Perhaps I might had just been filled with paranoia because of my prolonged time of isolation, but I just want to say this. You're the only one I can show my everything on, the depths of my own ugliness; every single one of my own worries and fears that I'm too afraid to tell everyone else about.
Please be my Valentine, so I won't ever be alone, be forever secluded in this place who had began to devour me whole, slowly and painfully. I want you to make me strong, able to take over my own fears, reaching through this very place which lies inside my wildest dreams. I might be so thoroughly selfish, demanding, and within my own lifetime I definitely couldn't be a perfect person for you....but please...

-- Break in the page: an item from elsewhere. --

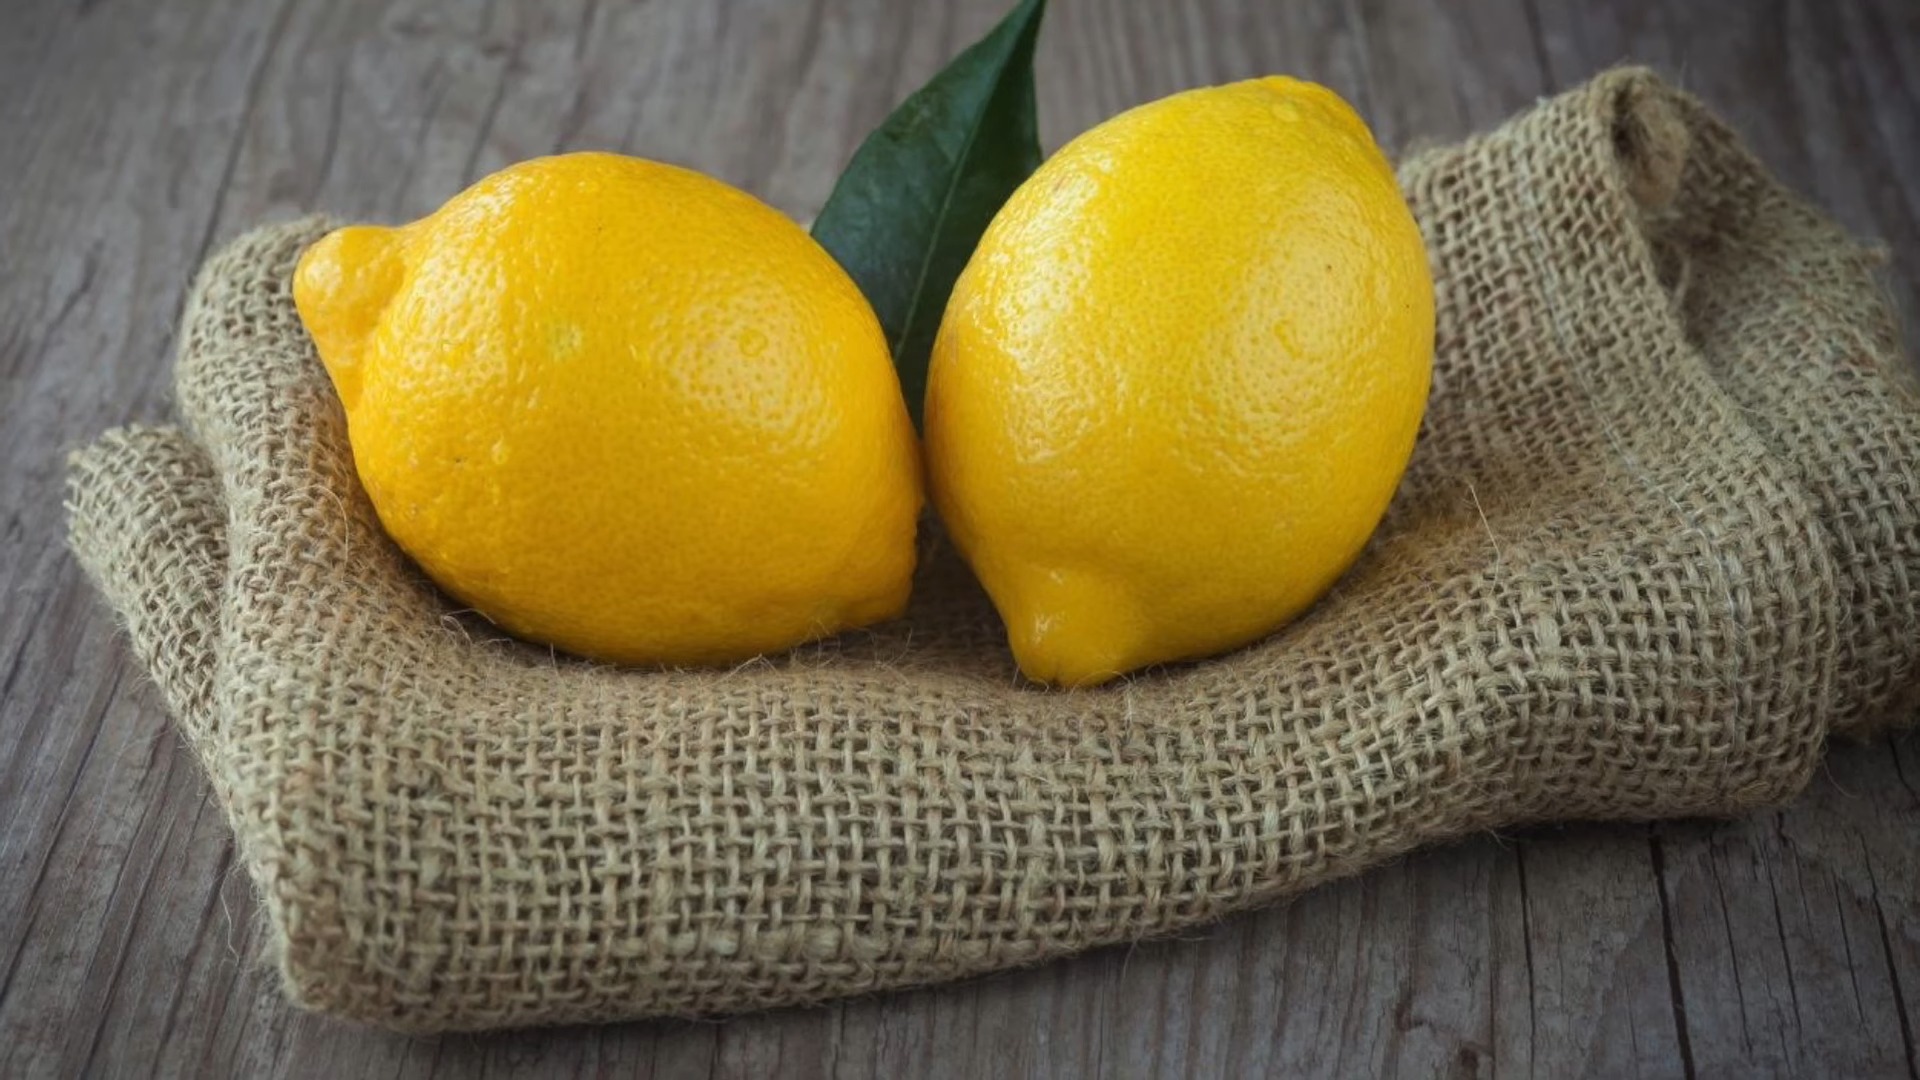 Lemon and Skin Health

I truly want your presence to be even much stronger inside me, so I could be safely assured that whichever path I honestly believed in would be forever enclosed in your own embrace; the touch of warmth inside a sanctuary of light, brimming with luminous spheres; an atmosphere so benign and tranquil it would calm every wavering heart passing by. Through your presence, I also find myself starting to converse with these people I'm never able to normally communicate with, and they truly helped me out, encouraging me in my times of despair...but really, in the end, you're the only one I could count on. Each and every other people out there with compassion to help each other had their own limited time to spend on things they deem as the most important, on so many occasions it was certain whether they would came to my rescue or not.
Please take care of me from now on, dear my beloved. Only after giving my whole self onto your hands will I knew the true feelings of salvation; that I'm truly loved as I am, not as a personality that's desperately trying to become a socially acceptable figure that's filled to the brim with blatant lies.
Until then, I will be looking forward to the day we will achieve a tremendous victory over the battle between both of us and the whole world that once had been a subject of our intense hatred.
That world will be no more, what lies ahead us will be the world where an Utopian Society would be formed. The place where both of us would be able to become an epitome of utmost freedom pertaining the ultimate expression of one's very core, which brought about the tremendous power that's able to conquer virtually everything.
And that power is none other than...love itself.